Читать книгу «Император Святой Руси» онлайн полностью📖 — К. Ю. Ерусалимского — MyBook.
image

Почему в восстановлении Москвы принимал участие именно «Москва-народ», а не жители московского посада, пригородов и других городов? Почему именно этот народ стал сердцевиной Русского государства? И какими понятиями мыслил себя или мыслился современниками этот «Москва-народ»? Само его существование предпосылалось последующему рассуждению, а не выводилось из анализа источников.

В конце XIV – XV в. русские летописцы нередко пользовались словом «народ» в приложении к большим общностям людей, и было бы важно учитывать, что они понимали, в каком контексте употребляли и какими предикатами, эпитетами, оттенками смысла сопровождали употребление этого слова и его однокоренных. В науке, испытавшей воздействие славянофильского кругозора, эти вопросы не возникали, а сами интерпретации были навязаны как готовое знание. Неутешительный итог историко-терминологическим дискуссиям подвел В. О. Ключевский, когда отметил, что понятие «русский народ» в источниках до XVII в. не встречается, а чувство народного единства выражалось в русских землях «только в идее общего отечества»58.

В украинской интеллектуальной мысли XIX в. понятие «народ», по словам Зенона Когута, «позволило историку противопоставить (украинский) народ (российскому) абсолютистскому государству, тем самым имплицитно подчеркивая обособленность украинской истории от российской»59.

Нэнси-Шилдз Коллманн пишет, что в России раннего Нового времени социальные построения были известны в немногочисленных и слабо распространенных списках таких памятников, как «Тайная тайных», «Домострой», в сочинениях И. С. Пересветова, Ивана Грозного, А. М. Курбского. В целом, по мнению исследователя, названные «теории» «не были систематизированы и не имели значительного влияния»60. Эти и им подобные тексты распространяются в русской книжности во множестве списков только в XVII в. Однако количество списков не вполне отвечает направлению наших поисков. Если не считать редакторскую работу книжников, мы почти ничего не знаем о том, как читали потенциально теоретические тексты в средневековой Руси. Библейское и святоотеческое наследие привлекало большее внимание книжников XVI–XVII вв., чем неизбежно спорные тексты их современников. Обладало ли это наследие теоретическим потенциалом?

Ответ на этот вопрос неоднозначен.
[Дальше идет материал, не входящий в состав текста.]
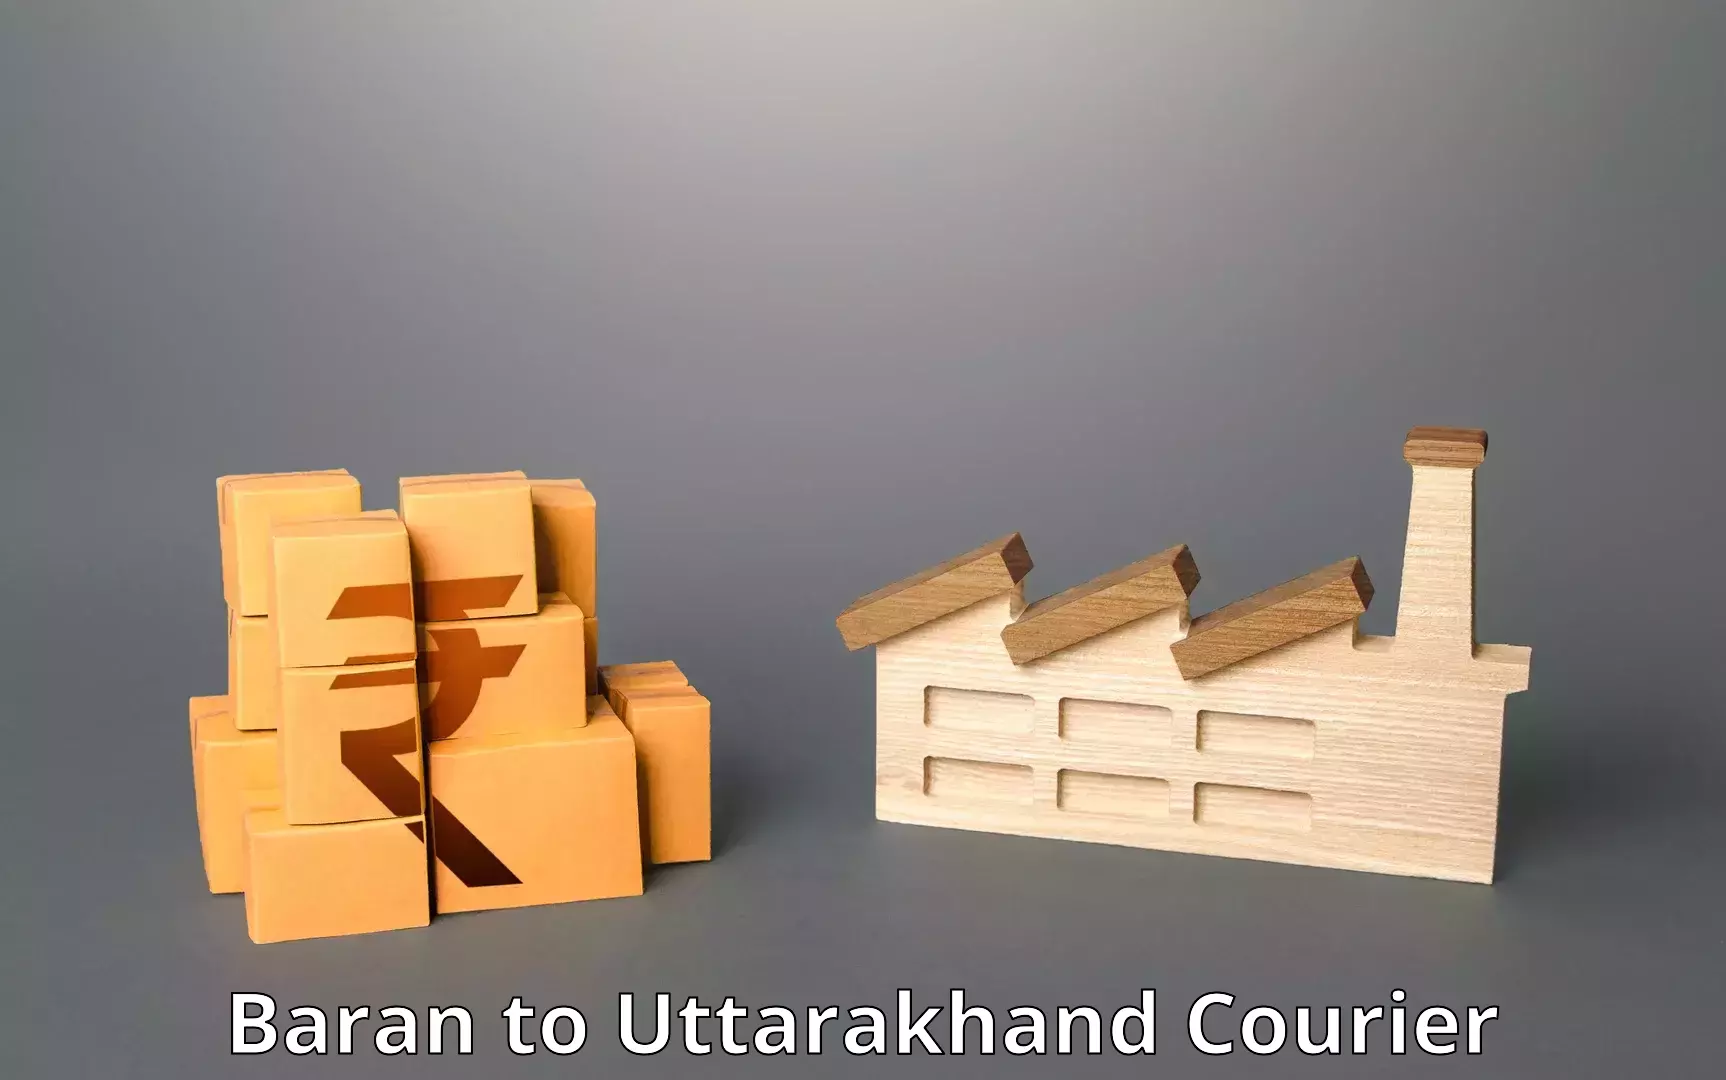 Courier service innovation Baran to Uttarakhand

Основанные на библейской книге Бытия тексты, посвященные возникновению мира и известные в русских землях по компиляциям и противоречивым комментариям, единодушно умалчивают о создании общества. Общество, если понимать его просто как объединение людей, не попадает в Замысел Творения и является следствием серии его нарушений и сопутствующих им катастроф. В Хронографе 1512 года первое упоминание объединения живых существ обнаруживается в статье «О четырех великих морях»:

«Первое убо море великое начинает от человек, имущих песиа главы» (причем в списке РНБ F.IV № 178 писец создает библейскую рационализацию слов «песиа главы» вариантом «писания главы»)61.
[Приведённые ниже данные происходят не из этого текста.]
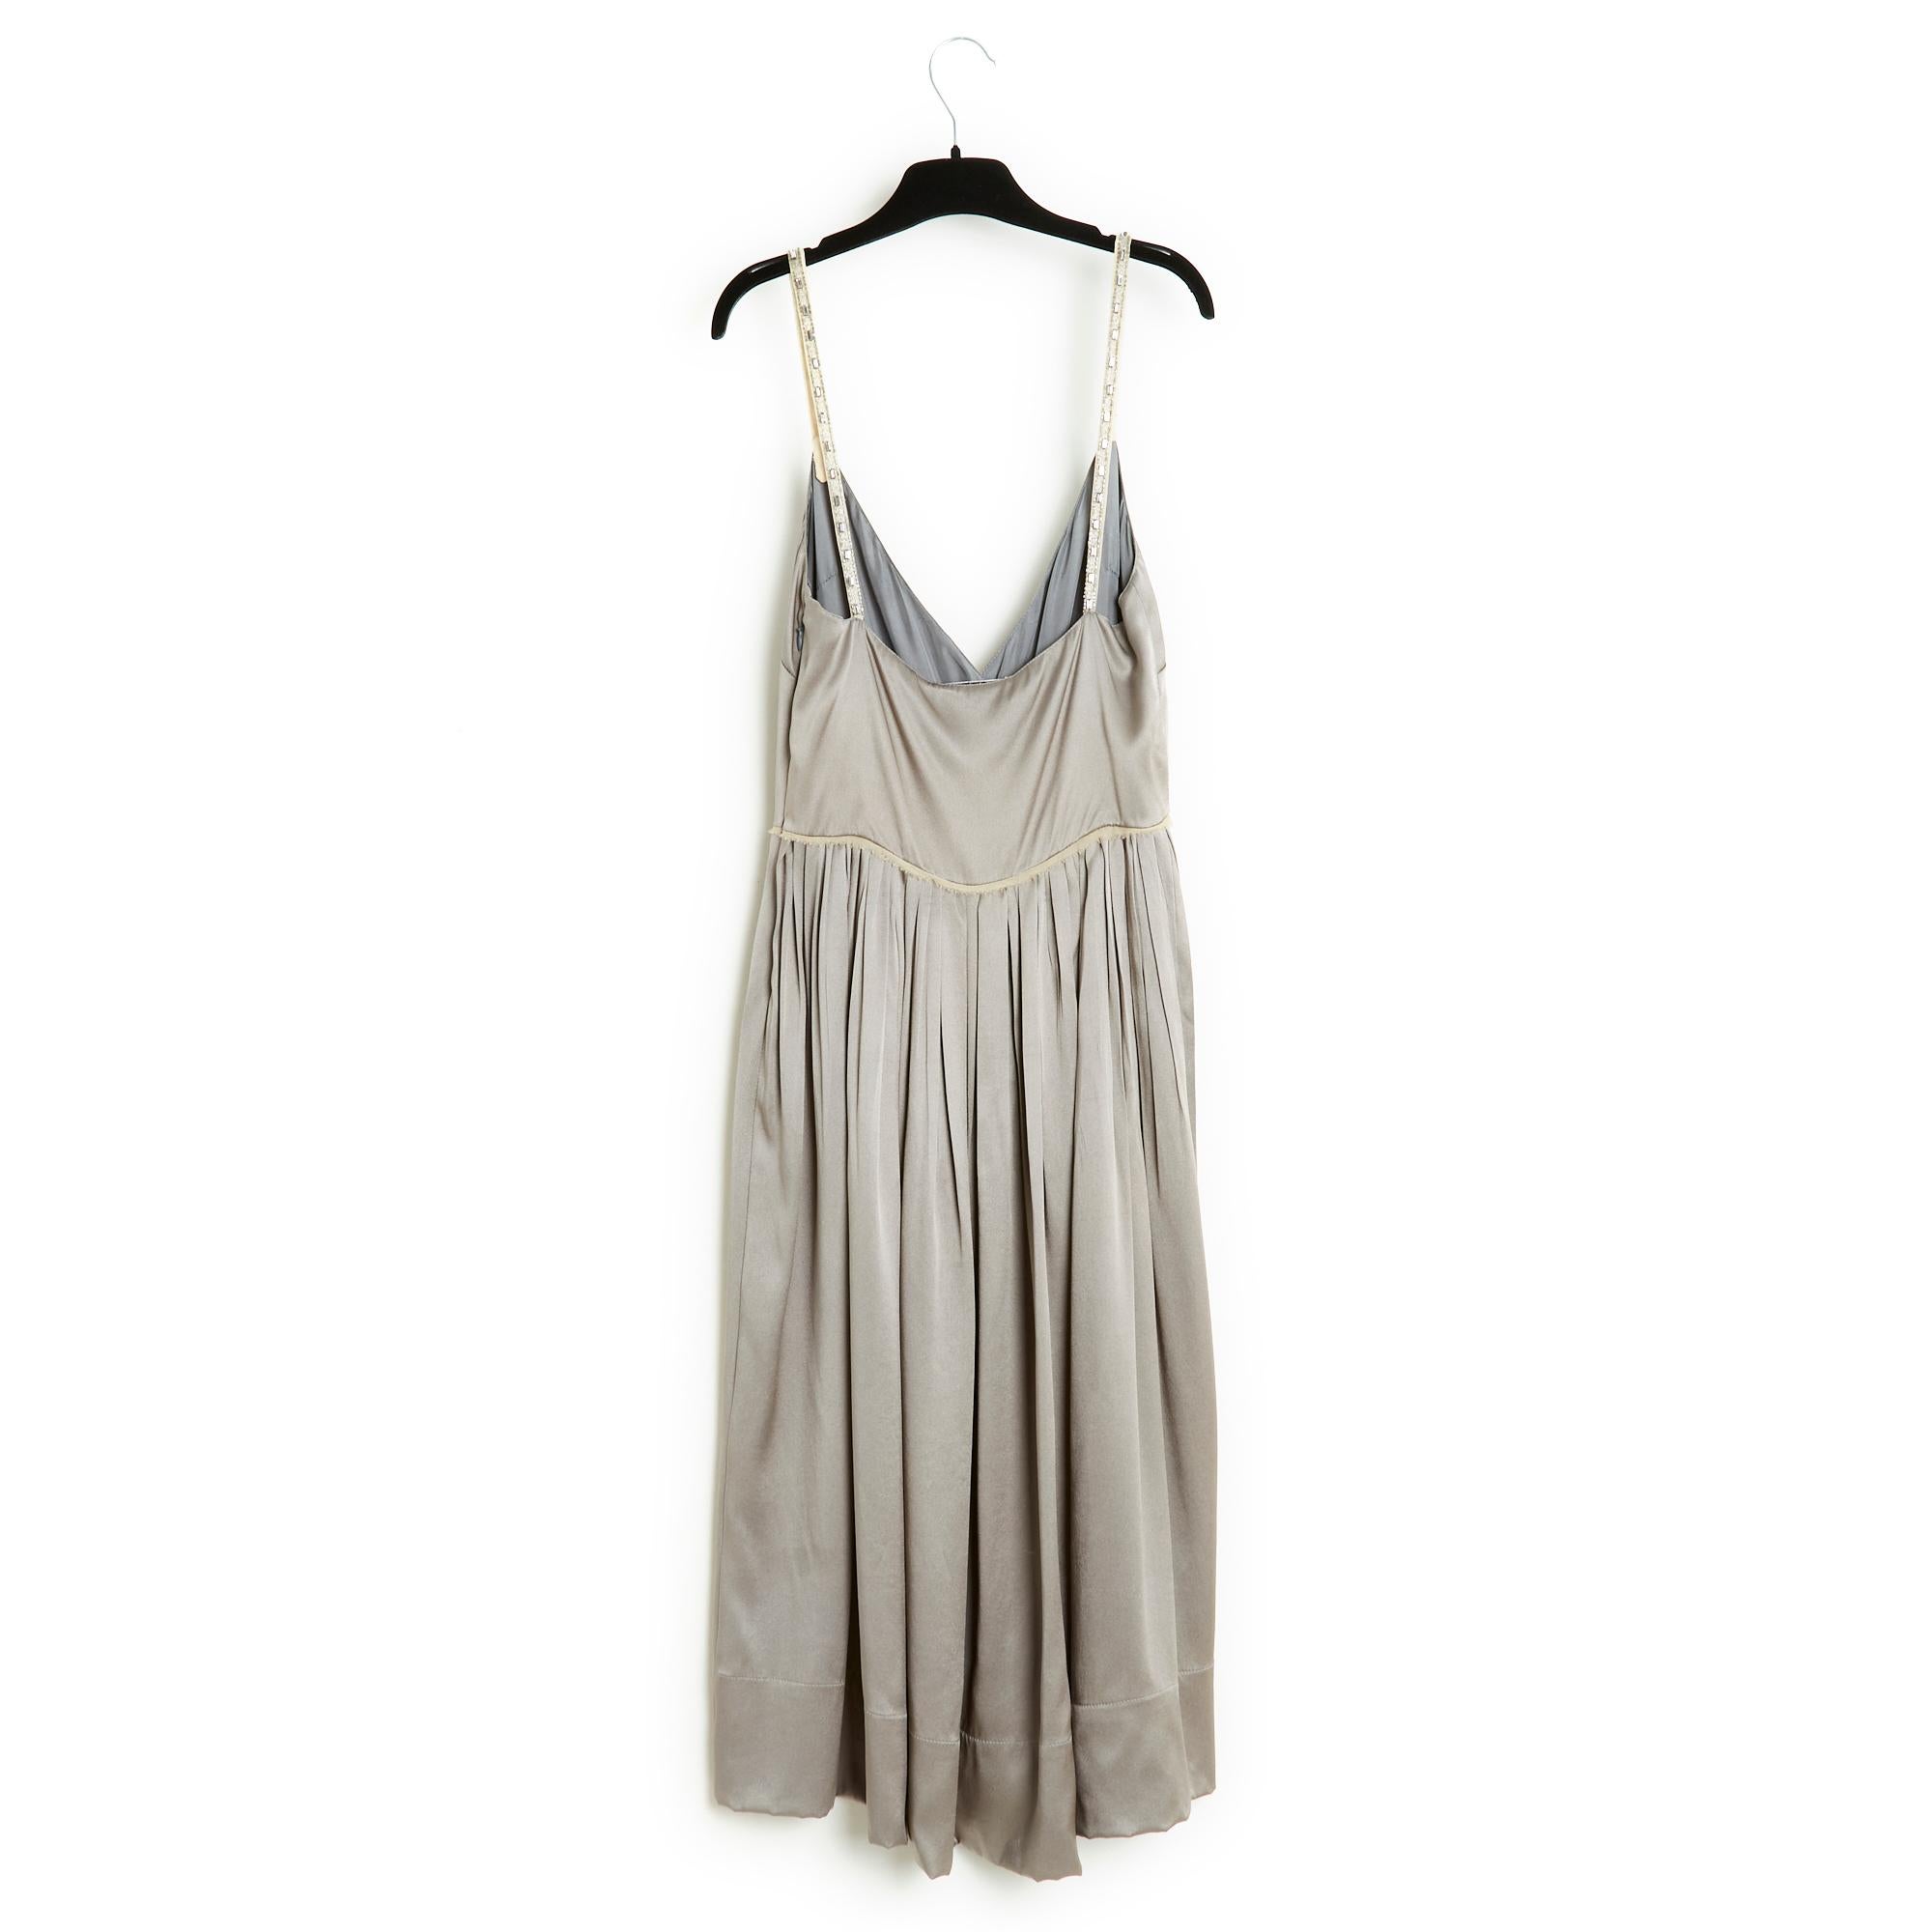 2005 Chloe by Phoebe Philo Light Gray Satin Dress FR34 For Sale 2

Псоглавцы помещены на карту мира в момент его создания. Эти и подобные им существа, вроде «малой рыбицы ехиния» и «райской птицы сирина», в изобилии населяют просторы вселенной, но их «сообщества», похоже, ничем не помогли бы человекообразному читателю, пожелай он думать на том же языке о своих современниках. Однако модель социальных отношений заложена в предназначении всей «зияющей», «грозноокой», «пестрокожей», «частоопахой», «твердочелой» или «рогобивой» твари:

Обьступаху вся Адама, яко владыку раби, и окружаху и охоповаху родоначалника62.
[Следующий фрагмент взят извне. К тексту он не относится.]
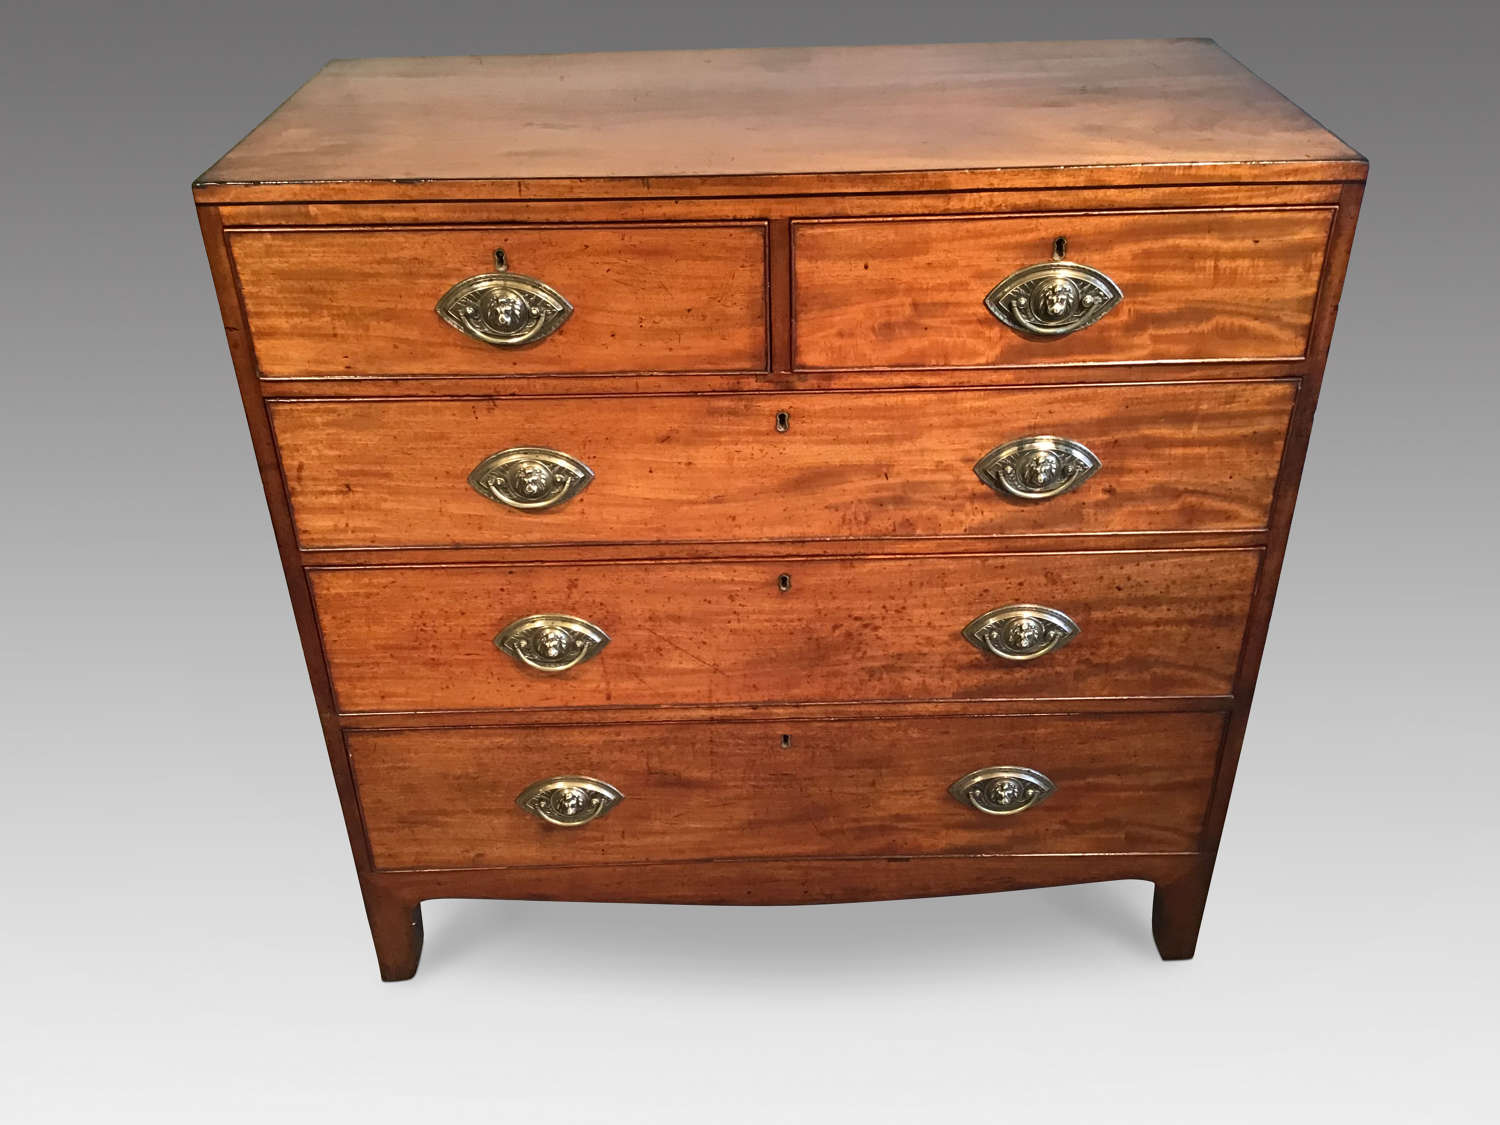 Regency mahogany chest of drawers.

Вся фауна, возникшая непосредственно перед «венцом творения», оказывается частью универсального объединения, место которого занято в наших ожиданиях понятием «общество». Владыке не требовалось укрощать своих рабов, поскольку они были смирны и безобидны, а Адаму, чтобы царствовать над тварью, достаточно было царствовать над своими страстями. Дальнейшая история человеческого родоначальника и всего его рода свидетельствует в первую очередь о тщетности попыток достичь общественного идеала и о необходимости установлений для пресечения страстей, разбоя, кровопролития и т. д. Действующими силами, помимо отдельных людей, являются при этом «царства», «княжения», «страны», «языци», «народи» («евреи», «египтяне», «еллини» и т. д.). С одной стороны, этого языкового запаса могло быть достаточно читателю начала XVI в., чтобы говорить об общественном устройстве. С другой – эти языковые средства, как представляется, были малопригодны для сравнительного обществоведения и разработки общественных теорий и идеалов. Все рассуждения книжников не могли противоречить тому, что в будущем мире будет Одно Царство, в котором сохранится основа первоначального деления на владыку и рабов.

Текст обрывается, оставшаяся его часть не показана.